**DATA EXTRACTS**:
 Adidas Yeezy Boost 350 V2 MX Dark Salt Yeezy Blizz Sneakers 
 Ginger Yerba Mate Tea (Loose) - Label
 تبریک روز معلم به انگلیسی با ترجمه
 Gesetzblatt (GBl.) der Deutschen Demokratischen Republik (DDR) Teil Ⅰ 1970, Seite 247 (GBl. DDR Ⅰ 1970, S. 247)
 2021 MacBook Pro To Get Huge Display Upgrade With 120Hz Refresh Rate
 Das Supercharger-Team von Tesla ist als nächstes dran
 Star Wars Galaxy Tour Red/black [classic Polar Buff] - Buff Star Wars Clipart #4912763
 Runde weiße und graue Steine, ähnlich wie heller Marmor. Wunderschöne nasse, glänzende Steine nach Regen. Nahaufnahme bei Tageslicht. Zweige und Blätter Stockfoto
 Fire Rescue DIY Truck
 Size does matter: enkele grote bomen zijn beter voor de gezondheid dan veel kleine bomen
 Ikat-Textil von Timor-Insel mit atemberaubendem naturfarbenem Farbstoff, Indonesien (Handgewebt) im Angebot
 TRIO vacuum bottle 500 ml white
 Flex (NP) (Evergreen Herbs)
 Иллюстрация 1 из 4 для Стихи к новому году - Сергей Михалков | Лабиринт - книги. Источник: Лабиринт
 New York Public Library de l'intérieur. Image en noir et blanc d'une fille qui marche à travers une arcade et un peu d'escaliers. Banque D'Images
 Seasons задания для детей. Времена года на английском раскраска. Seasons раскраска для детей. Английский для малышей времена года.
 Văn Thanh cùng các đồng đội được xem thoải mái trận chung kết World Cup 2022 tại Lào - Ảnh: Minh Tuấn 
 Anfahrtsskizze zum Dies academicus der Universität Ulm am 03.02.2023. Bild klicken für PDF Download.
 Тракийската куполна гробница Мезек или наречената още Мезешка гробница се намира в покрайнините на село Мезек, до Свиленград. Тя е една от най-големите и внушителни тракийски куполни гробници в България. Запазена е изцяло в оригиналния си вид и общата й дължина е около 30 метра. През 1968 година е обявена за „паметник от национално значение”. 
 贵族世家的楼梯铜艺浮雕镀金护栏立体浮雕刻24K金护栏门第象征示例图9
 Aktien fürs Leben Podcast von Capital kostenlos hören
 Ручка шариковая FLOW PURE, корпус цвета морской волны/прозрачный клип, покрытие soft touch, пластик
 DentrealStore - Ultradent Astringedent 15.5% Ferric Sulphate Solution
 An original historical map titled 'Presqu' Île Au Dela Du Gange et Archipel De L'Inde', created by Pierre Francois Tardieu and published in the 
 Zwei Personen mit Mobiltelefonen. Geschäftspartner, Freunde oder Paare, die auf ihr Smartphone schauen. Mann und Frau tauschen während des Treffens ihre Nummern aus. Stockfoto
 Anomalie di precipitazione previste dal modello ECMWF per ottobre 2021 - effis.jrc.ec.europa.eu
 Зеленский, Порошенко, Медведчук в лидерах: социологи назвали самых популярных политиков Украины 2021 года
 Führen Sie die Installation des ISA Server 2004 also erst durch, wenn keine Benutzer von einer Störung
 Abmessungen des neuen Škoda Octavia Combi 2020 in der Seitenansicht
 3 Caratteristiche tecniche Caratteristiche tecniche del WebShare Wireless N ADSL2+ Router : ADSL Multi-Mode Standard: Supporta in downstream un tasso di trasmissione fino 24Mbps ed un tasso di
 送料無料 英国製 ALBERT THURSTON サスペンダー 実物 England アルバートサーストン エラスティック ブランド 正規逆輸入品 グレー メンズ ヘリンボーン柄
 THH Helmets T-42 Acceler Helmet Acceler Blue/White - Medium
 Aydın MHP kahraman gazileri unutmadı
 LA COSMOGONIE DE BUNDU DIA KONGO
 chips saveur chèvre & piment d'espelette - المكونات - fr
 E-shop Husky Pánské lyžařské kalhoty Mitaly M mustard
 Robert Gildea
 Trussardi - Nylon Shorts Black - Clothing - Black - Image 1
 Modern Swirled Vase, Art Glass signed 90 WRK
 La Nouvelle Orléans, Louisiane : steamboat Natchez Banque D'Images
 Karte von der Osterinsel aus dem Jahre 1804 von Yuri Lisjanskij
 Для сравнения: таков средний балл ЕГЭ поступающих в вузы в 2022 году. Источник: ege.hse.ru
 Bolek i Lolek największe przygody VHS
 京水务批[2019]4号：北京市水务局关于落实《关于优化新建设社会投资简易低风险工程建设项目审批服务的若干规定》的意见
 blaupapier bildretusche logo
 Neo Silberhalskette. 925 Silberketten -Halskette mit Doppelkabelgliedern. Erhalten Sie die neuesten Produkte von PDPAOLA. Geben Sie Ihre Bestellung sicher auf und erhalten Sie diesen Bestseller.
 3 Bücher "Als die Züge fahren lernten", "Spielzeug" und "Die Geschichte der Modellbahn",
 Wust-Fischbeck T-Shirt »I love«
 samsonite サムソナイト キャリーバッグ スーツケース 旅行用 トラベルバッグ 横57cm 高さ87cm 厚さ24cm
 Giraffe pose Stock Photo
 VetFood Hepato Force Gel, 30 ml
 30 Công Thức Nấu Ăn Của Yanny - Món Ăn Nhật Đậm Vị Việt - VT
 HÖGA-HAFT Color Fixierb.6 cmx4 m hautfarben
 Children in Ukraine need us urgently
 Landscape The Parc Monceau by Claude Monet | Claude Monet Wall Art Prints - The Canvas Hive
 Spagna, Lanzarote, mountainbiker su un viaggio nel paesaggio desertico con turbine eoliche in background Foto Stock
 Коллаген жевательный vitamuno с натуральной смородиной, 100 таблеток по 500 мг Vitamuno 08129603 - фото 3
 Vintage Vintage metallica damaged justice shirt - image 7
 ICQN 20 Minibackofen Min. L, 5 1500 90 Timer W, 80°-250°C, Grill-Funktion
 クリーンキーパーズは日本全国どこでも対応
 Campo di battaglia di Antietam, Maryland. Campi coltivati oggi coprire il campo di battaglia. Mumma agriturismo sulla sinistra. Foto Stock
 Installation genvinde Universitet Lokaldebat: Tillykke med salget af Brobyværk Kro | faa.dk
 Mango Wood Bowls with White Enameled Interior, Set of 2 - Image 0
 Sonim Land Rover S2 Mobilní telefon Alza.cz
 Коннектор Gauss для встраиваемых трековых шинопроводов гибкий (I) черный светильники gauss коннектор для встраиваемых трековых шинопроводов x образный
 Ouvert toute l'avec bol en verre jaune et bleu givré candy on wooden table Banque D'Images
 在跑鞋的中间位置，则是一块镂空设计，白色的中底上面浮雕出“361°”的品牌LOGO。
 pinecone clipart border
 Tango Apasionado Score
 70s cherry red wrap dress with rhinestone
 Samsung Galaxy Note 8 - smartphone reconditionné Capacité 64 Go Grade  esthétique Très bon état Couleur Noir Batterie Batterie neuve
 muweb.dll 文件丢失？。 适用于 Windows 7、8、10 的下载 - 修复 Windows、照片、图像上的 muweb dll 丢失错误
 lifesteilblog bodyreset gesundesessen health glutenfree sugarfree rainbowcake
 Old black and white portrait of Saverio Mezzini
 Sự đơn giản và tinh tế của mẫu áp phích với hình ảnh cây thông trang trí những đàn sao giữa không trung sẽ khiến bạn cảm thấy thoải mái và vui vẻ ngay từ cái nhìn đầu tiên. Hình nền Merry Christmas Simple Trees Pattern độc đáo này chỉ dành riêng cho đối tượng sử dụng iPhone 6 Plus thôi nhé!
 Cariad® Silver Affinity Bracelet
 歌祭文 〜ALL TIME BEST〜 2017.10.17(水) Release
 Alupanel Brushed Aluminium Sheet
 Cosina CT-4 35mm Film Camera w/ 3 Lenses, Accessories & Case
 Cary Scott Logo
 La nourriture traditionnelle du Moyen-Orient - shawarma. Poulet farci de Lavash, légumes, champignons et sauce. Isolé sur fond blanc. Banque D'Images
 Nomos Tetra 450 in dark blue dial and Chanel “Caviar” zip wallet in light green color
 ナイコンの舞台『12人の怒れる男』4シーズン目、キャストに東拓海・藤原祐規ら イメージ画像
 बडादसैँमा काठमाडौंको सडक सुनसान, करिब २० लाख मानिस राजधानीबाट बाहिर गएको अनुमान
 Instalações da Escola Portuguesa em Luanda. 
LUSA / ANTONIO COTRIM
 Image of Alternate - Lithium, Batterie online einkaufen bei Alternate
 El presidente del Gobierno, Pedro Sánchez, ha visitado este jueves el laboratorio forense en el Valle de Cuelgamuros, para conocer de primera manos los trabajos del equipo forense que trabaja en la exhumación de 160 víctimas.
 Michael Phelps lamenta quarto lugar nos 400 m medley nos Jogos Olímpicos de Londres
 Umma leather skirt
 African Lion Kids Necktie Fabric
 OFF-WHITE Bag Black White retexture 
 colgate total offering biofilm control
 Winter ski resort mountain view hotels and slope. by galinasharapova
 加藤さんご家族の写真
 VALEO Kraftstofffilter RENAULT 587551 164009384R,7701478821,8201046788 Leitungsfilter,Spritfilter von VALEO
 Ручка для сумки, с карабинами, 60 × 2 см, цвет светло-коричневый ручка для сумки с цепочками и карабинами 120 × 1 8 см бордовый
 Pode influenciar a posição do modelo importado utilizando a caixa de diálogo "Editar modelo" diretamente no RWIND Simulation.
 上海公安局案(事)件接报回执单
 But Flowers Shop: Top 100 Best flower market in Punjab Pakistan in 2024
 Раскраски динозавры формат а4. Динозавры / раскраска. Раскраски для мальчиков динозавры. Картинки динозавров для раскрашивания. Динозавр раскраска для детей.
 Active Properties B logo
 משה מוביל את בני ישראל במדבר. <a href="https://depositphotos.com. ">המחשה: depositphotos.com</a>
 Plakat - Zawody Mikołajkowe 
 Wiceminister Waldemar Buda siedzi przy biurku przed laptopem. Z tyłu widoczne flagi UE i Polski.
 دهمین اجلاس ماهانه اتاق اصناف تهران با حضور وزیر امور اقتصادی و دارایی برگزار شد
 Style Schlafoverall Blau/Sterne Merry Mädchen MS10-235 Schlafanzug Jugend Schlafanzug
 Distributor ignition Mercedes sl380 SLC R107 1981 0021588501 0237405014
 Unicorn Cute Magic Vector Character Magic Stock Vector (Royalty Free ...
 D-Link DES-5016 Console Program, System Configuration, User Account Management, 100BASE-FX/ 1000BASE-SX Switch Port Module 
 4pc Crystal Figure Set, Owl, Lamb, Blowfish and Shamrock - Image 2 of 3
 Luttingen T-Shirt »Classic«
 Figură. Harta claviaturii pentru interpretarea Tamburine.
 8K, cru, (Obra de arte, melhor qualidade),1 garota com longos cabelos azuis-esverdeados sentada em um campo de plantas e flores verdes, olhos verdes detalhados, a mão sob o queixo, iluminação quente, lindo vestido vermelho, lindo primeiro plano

**AIM OF THE EXERCISE**:
Show the lines above that have the word "Ручка".

**YOUR SOLUTION**:
 Ручка шариковая FLOW PURE, корпус цвета морской волны/прозрачный клип, покрытие soft touch, пластик
 Ручка для сумки, с карабинами, 60 × 2 см, цвет светло-коричневый ручка для сумки с цепочками и карабинами 120 × 1 8 см бордовый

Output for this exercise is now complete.